Commençons par poser la bande dessinée dans son contexte. Quelque part dans l’est de la France au milieu des années 90, dans un paysage social dévasté (fermetures d’usines et déshérences en tout genre), Kamel, séducteur invétéré auquel aucune femme ne sait résister, entretient une liaison avec l’épouse d’un leadeur d’extrême droite. Hélas, le couple adultère est démasqué. La fureur meurtrière du mari trompé contraint le Don Juan, dans l’urgence absolue, à une cavale improvisée. Kamel s’enfuit vers le sud, flanqué du jeune Alexandre, un adolescent un peu complexé qui l’admire pour ses conquêtes.

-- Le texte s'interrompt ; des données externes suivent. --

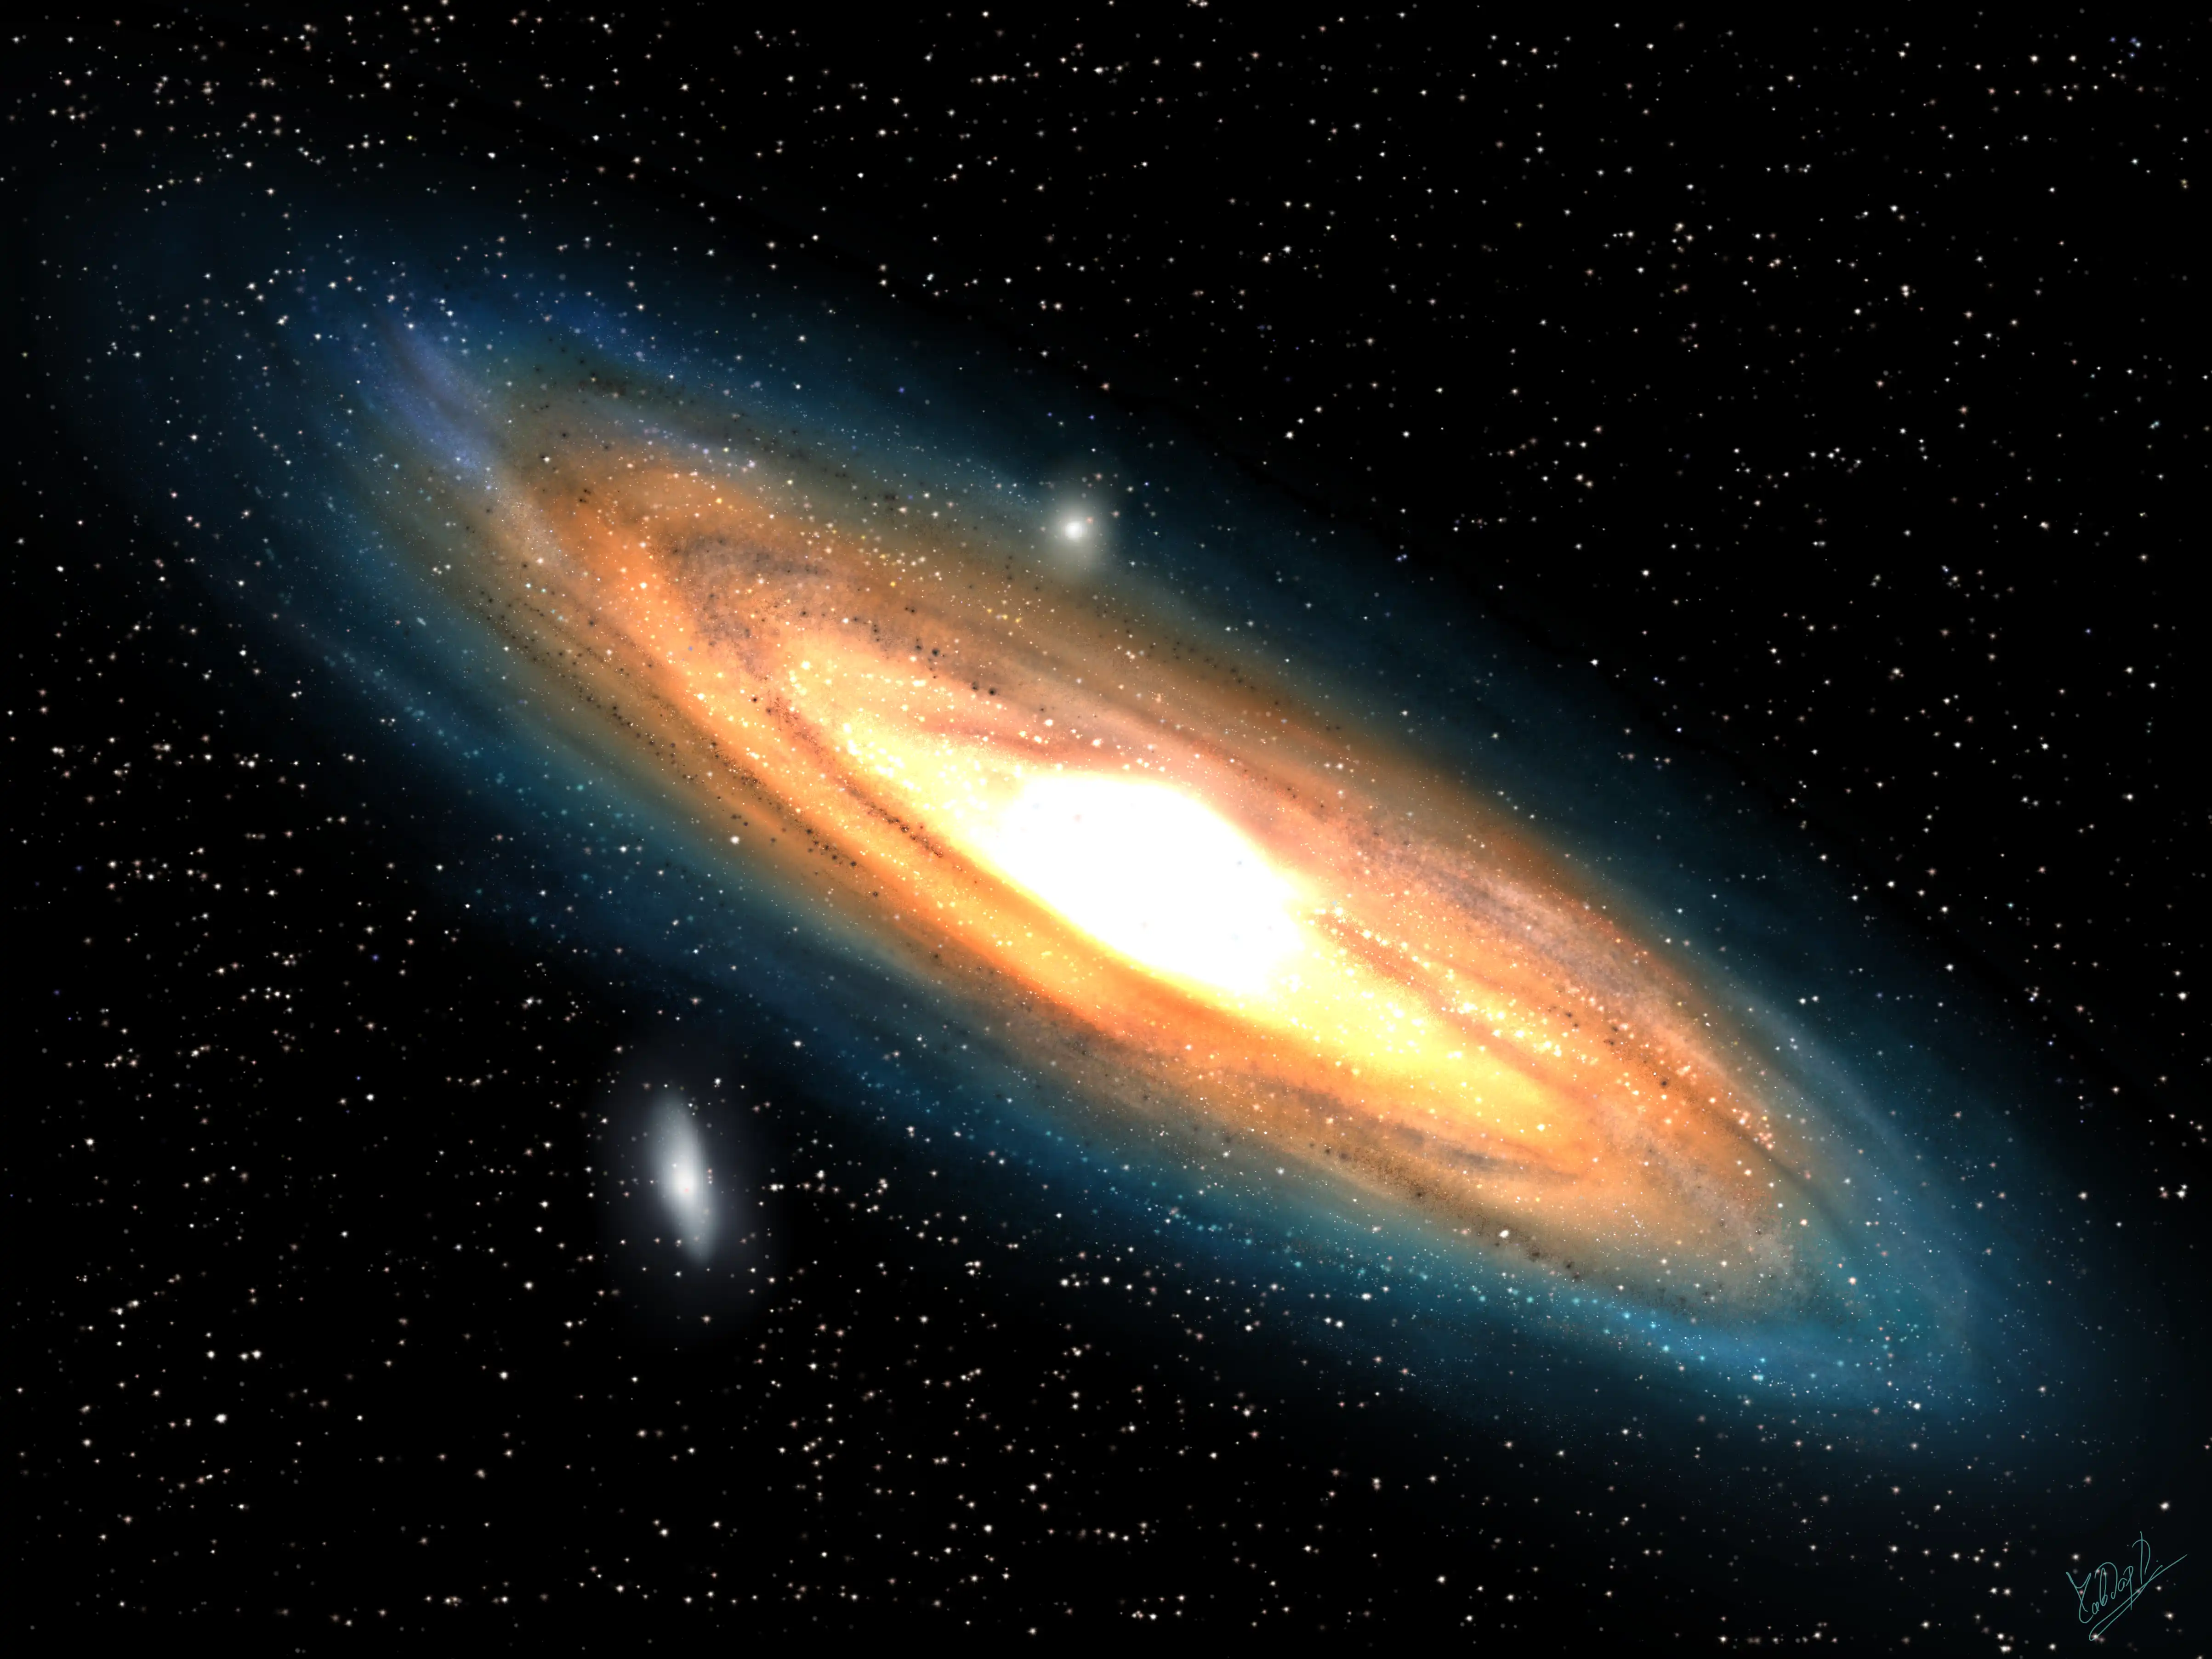 Drawing of M31 - Andromeda Galaxy

Une traque fantastique s’engage, haletante, au fil de laquelle Baru, légendaire figure de la bande dessinée, est inspiré comme jamais et brosse un subtil et saisissant portrait d’une France en crise et en proie à ses démons intimes.
Mon appréciation d’une bande dessinée culte
Narration coup-de-poing, énergie graphique peu commune, personnages fouillés et remarquable finesse d’observation : L’Autoroute du soleil (récompensé par le Prix du Meilleur Album au Festival d’Angoulême en 1996) peut être à juste titre tenue pour l’une des plus grandes bandes dessinées françaises. Plus de 400 planches de bonheur intégral, à redécouvrir à travers cette nouvelle édition.
Car Baru assume la paternité de 16 oeuvres engagées. Faites le calcul : Première bande dessinée publiée il y a 28 ans, il a depuis réalisé une dizaine de one-shot, pas plus de 2 ou 3 collaborations (pauvres Zhéros et Les Chemins de l’Amérique à minima), cela représente un peu moins de deux années entre chaque album ! Ses lecteurs apprécient son style mordant, ses récits qui mettent « les pieds dans la merde » dira-t-il dans une interview. Ils sont « tous marqués par un fort ancrage dans la réalité sociale (…) et empreints d’un humanisme combattif » (propos extraits de son site).
Au final, on obtient avec l’Autoroute du Soleil, un chef d’oeuvre du maitre de la bande dessinée française.